1. Baidu, Inc. (NASDAQ: BIDU)
Value: $633,710,000
Change in Position Size: 3%
Percent of John Rogers’ 13F Portfolio: 7.1%
China-based Baidu Inc. ranks 1st in our list of John Rogers’ top 5 stock picks. Baidu Inc. is China’s leading internet company. The company recently announced its plan to build an intelligent electric vehicle company and signed a strategic partnership with Geely Automobile. Baidu Inc. currently has a $133.67 billion market capitalization. It delivered an impressive 154.45% return in the past 12 months and settled at $295.58 per share at the closing of March 1, 2021.
As of the end of the fourth quarter, 51 hedge funds in Insider Monkey’s database of 887 funds held stakes in Baidu Inc., compared to 43 funds in the third quarter. Jim Simons’ Renaissance Technologies is the biggest stakeholder in the company, with 8.6 million shares, worth $1.86 billion.

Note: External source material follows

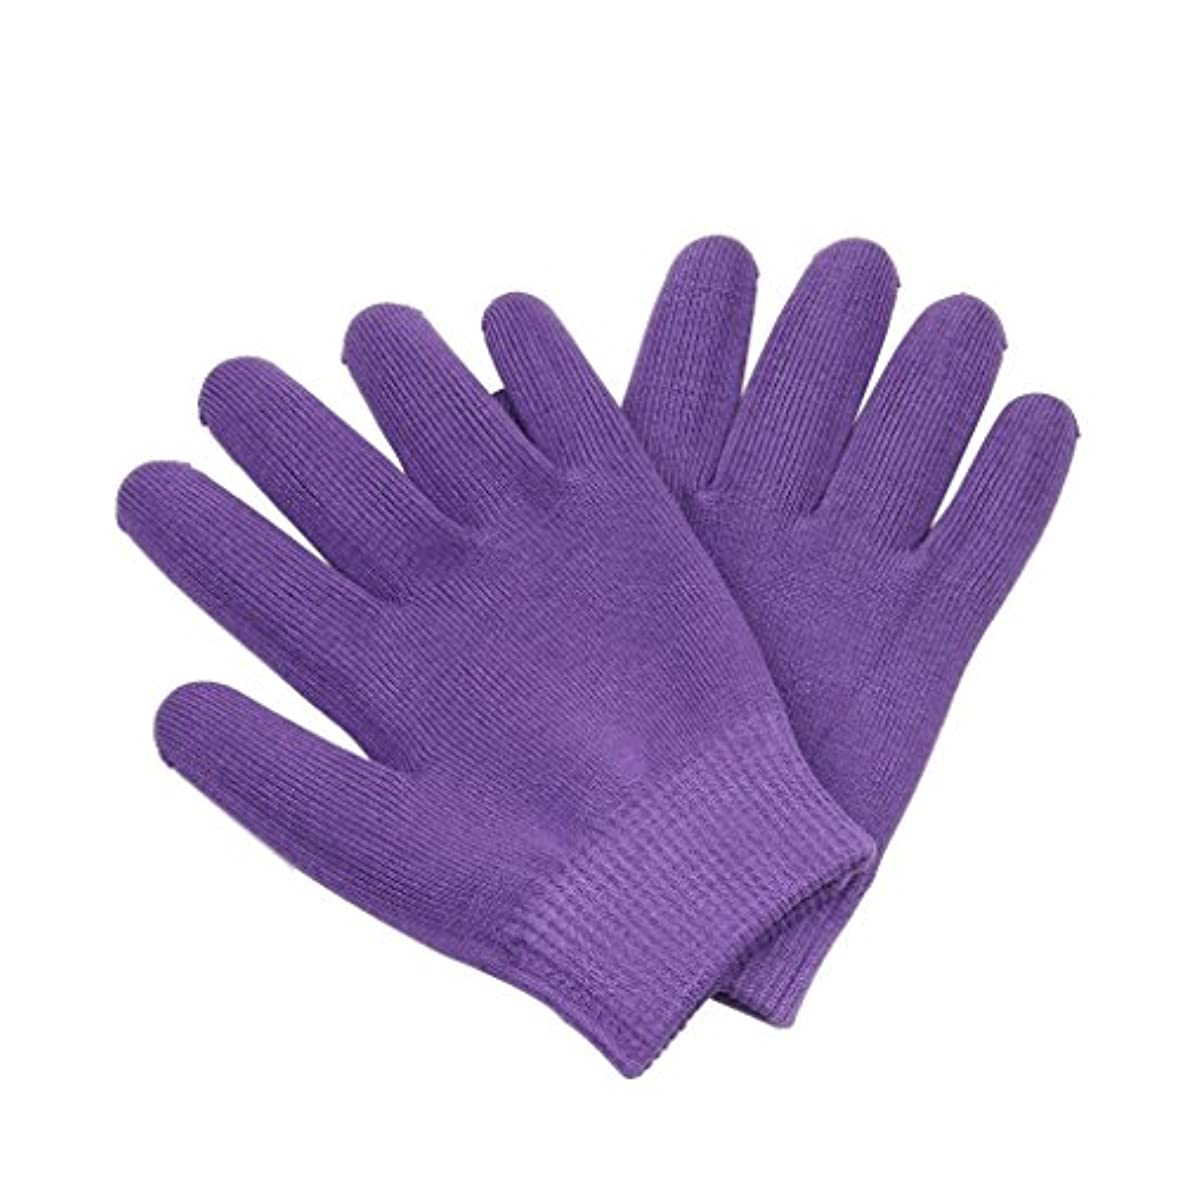 SONONIA 保湿手袋 おやすみ手袋 就寝用 手袋 手湿疹 肌荒れ 乾燥防止 乾燥肌 手荒れ 保湿 スキンケア 全3色選べ - 紫
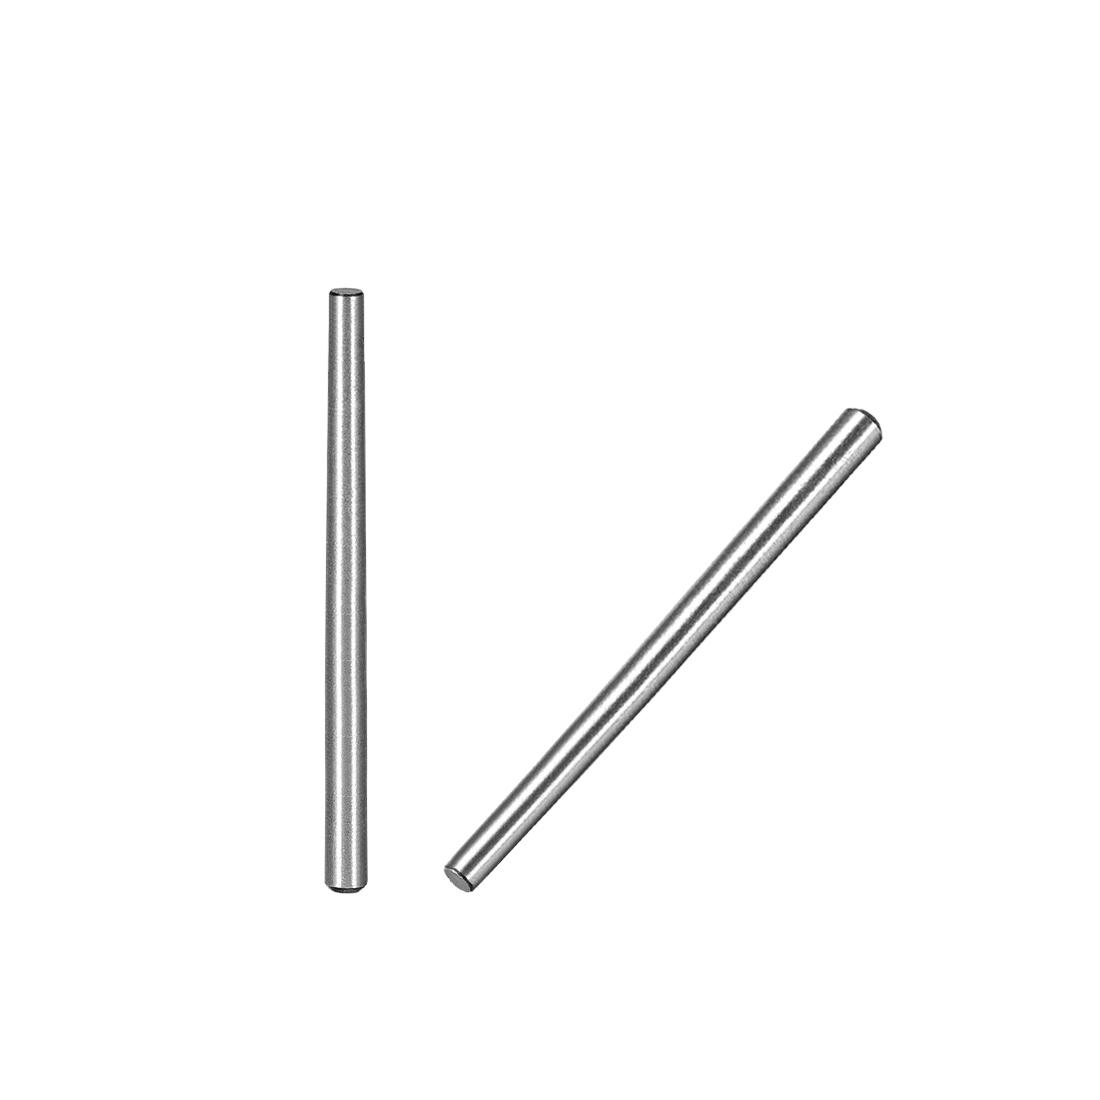 45# Carbon Steel GB117 60mm Length 3mm Small End Diameter 1:50 Taper Pin 20Pcs

Horos Asset Management said in their Q4 2020 investor letter that they reduced their position in Baidu, Inc. (NASDAQ: BIDU) amid rising competition.
Here is what Horos Asset Management stated in their Q4 2020 investor letter:
“We also reduced our exposure to the other Chinese technology giant we hold in our portfolio: Baidu. As we have already highlighted in prior letters, the company has managed—after some very challenging quarters—to refocus its services and develop its own ecosystem around its super app Baidu App, to face the threats posed by WeChat (Tencent), Alipay (Alibaba) and other recently created apps, which have huge acceptance and growth in the country. Finally, Baidu’s share price has rewarded these efforts, with a share price rise of over 100% since the March lows.”